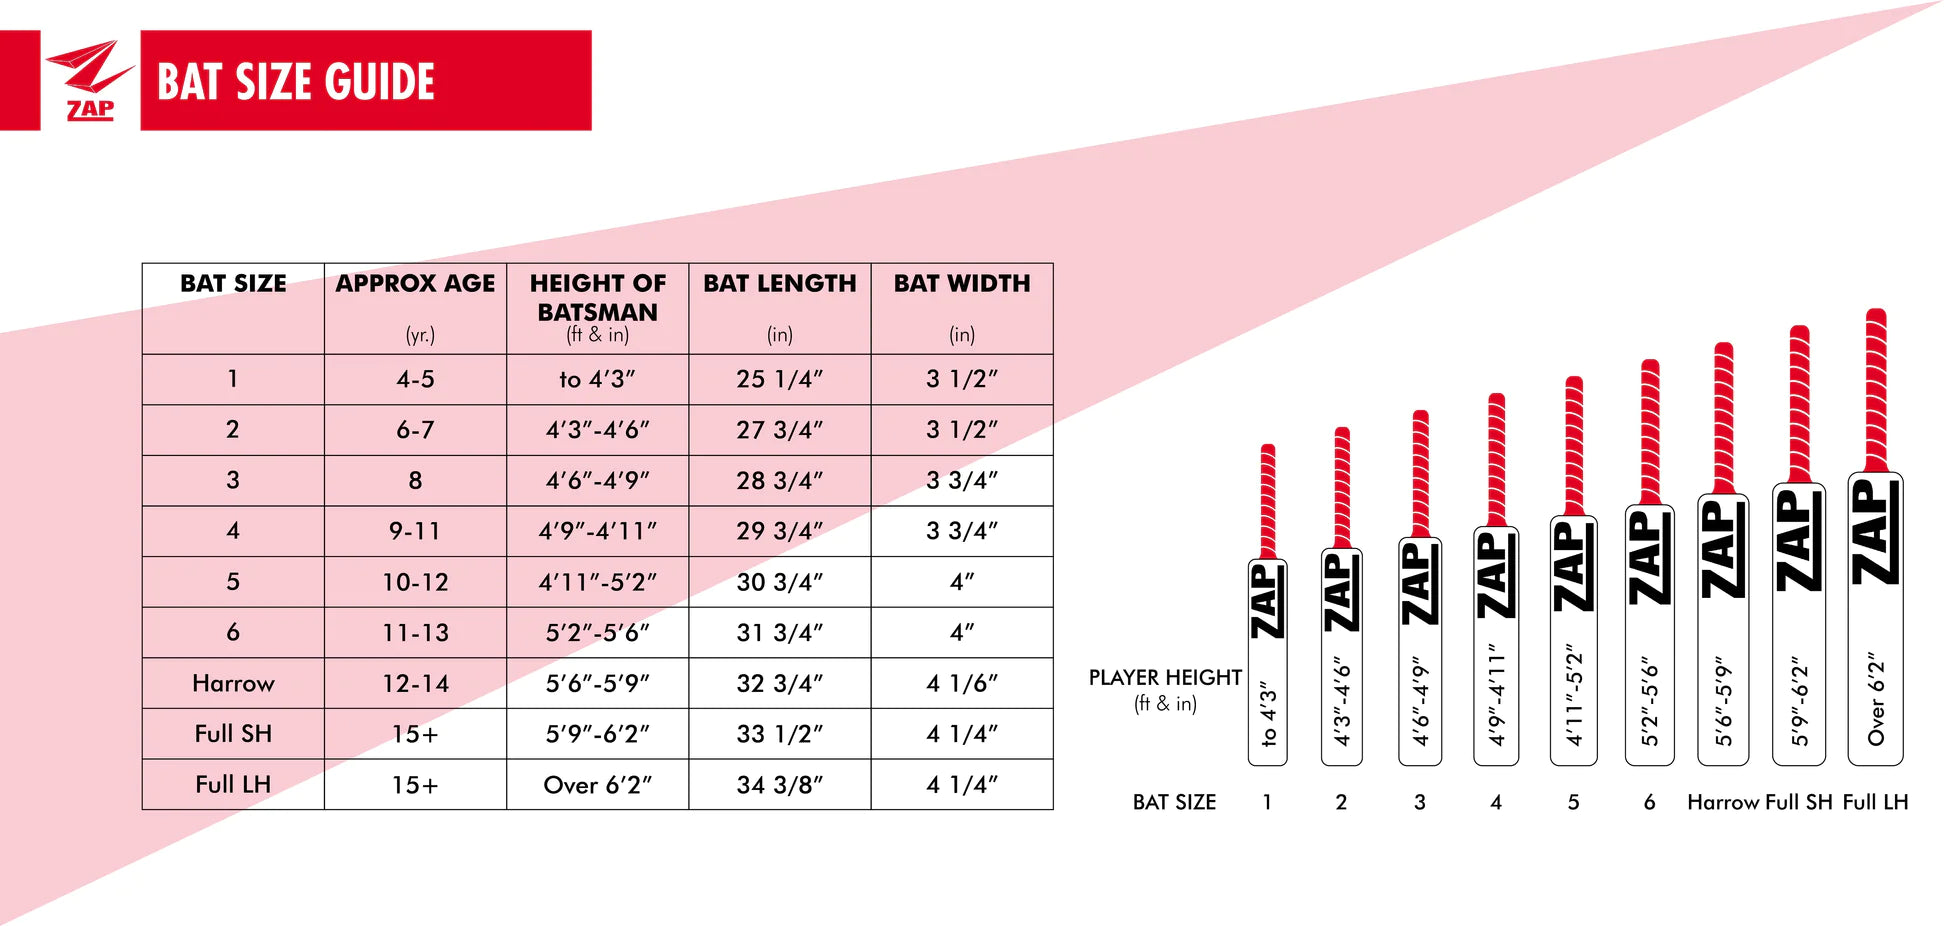 Cricket Bat size guide by ZAP
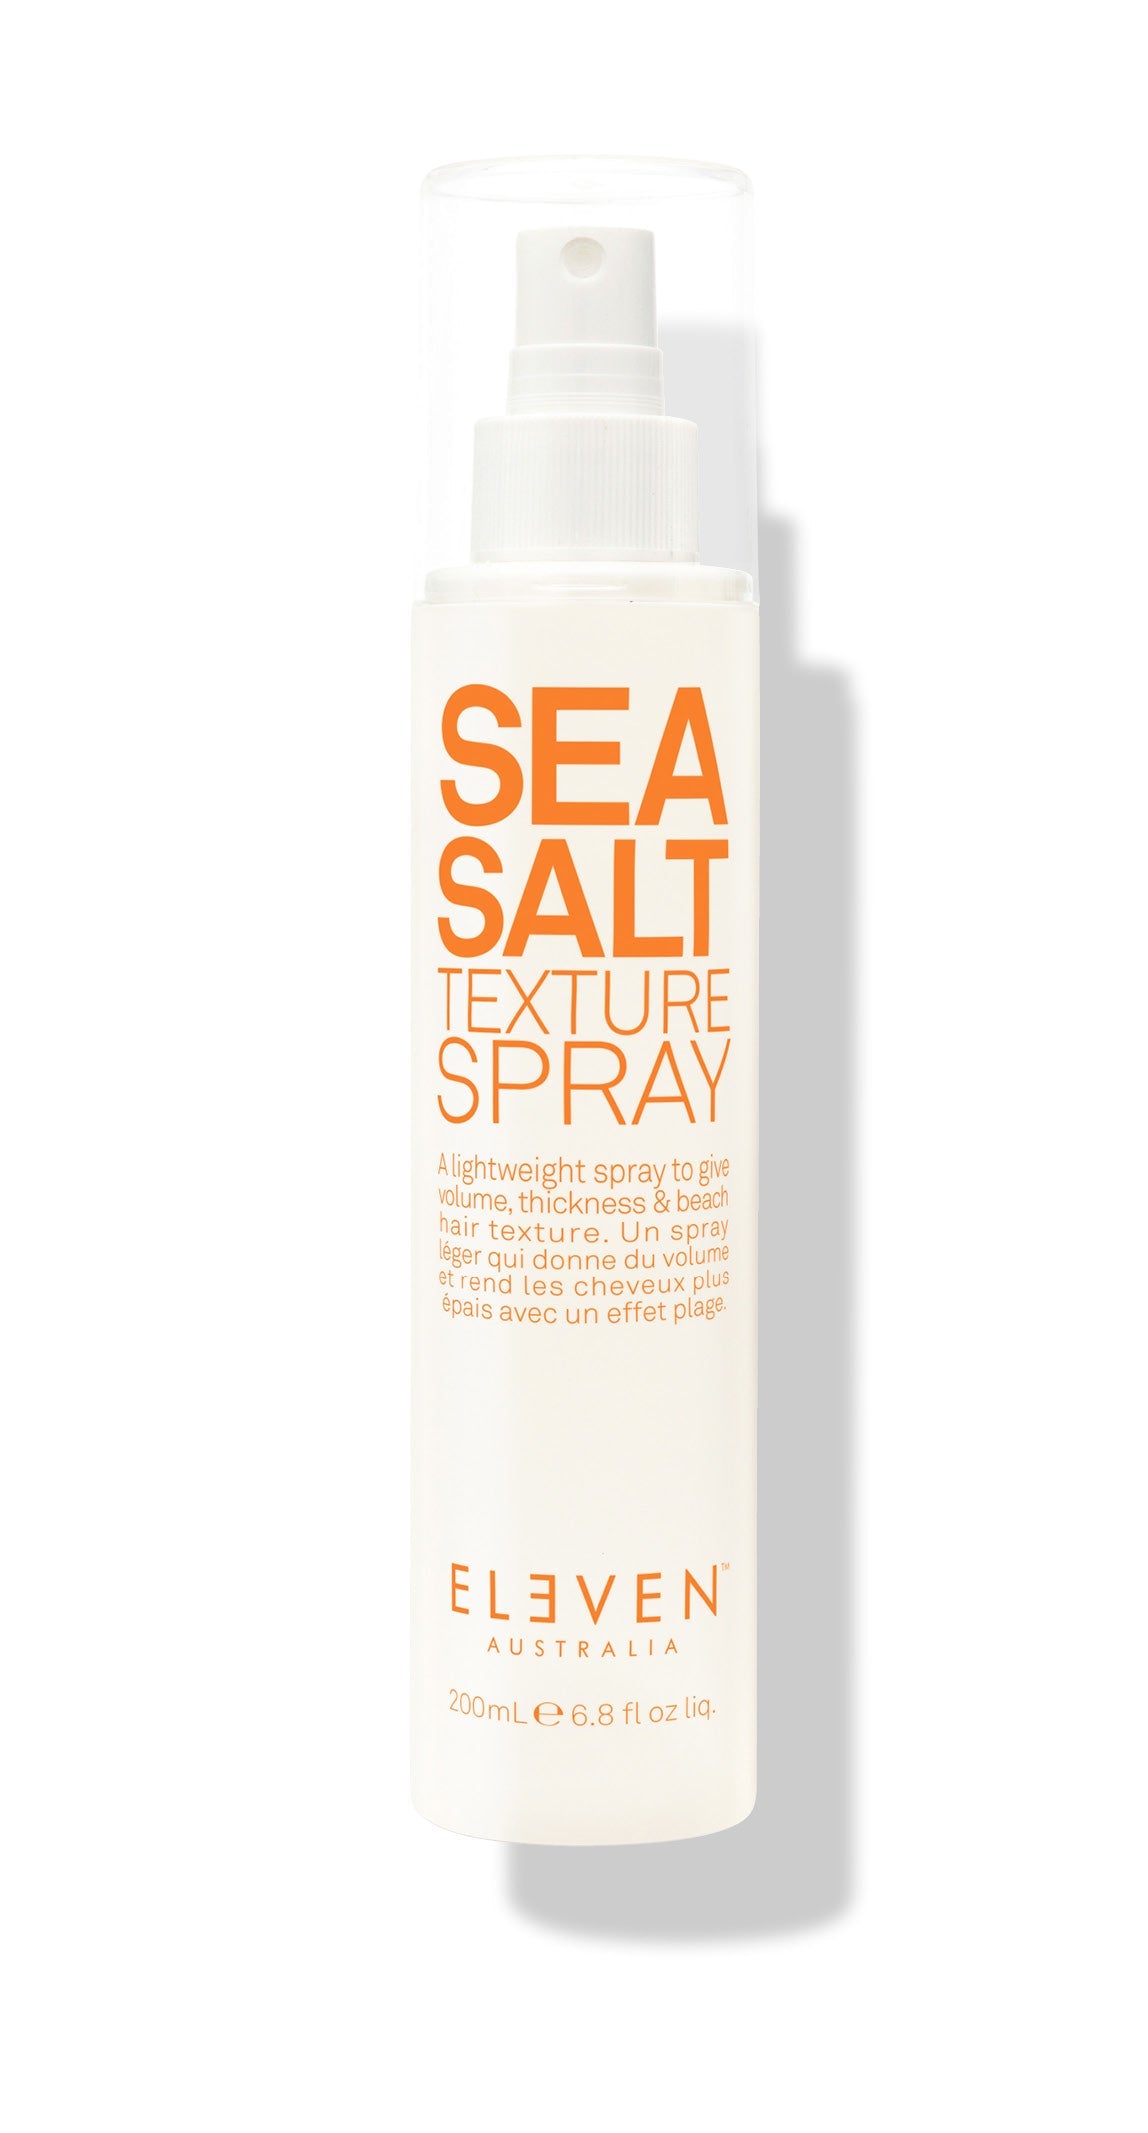 SEA SALT TEXTURE SPRAY 200ML
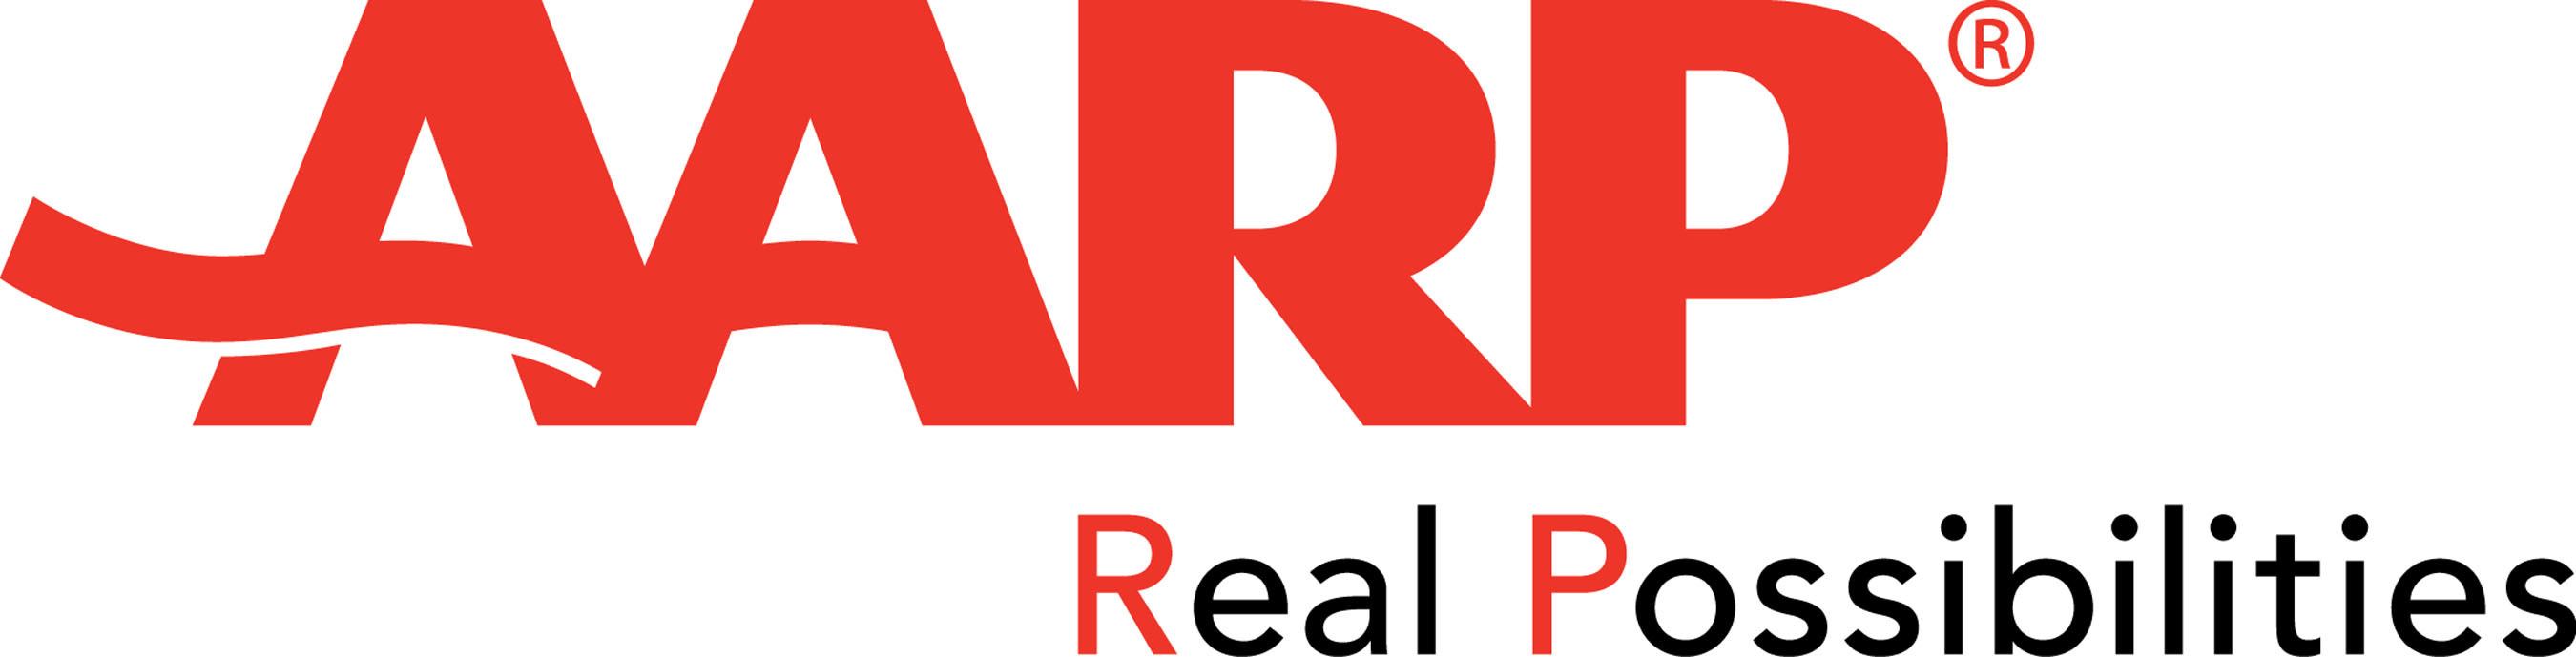 AARP national logo. (PRNewsFoto/AARP) (PRNewsFoto/)
· · · · · · ·
| Task to complete |
Without the pictures, write out the whole listing exactly as it appears.

| Reply to the exercise |
 Cricket Bat size guide by ZAP
 SEA SALT TEXTURE SPRAY 200ML
 AARP national logo. (PRNewsFoto/AARP) (PRNewsFoto/)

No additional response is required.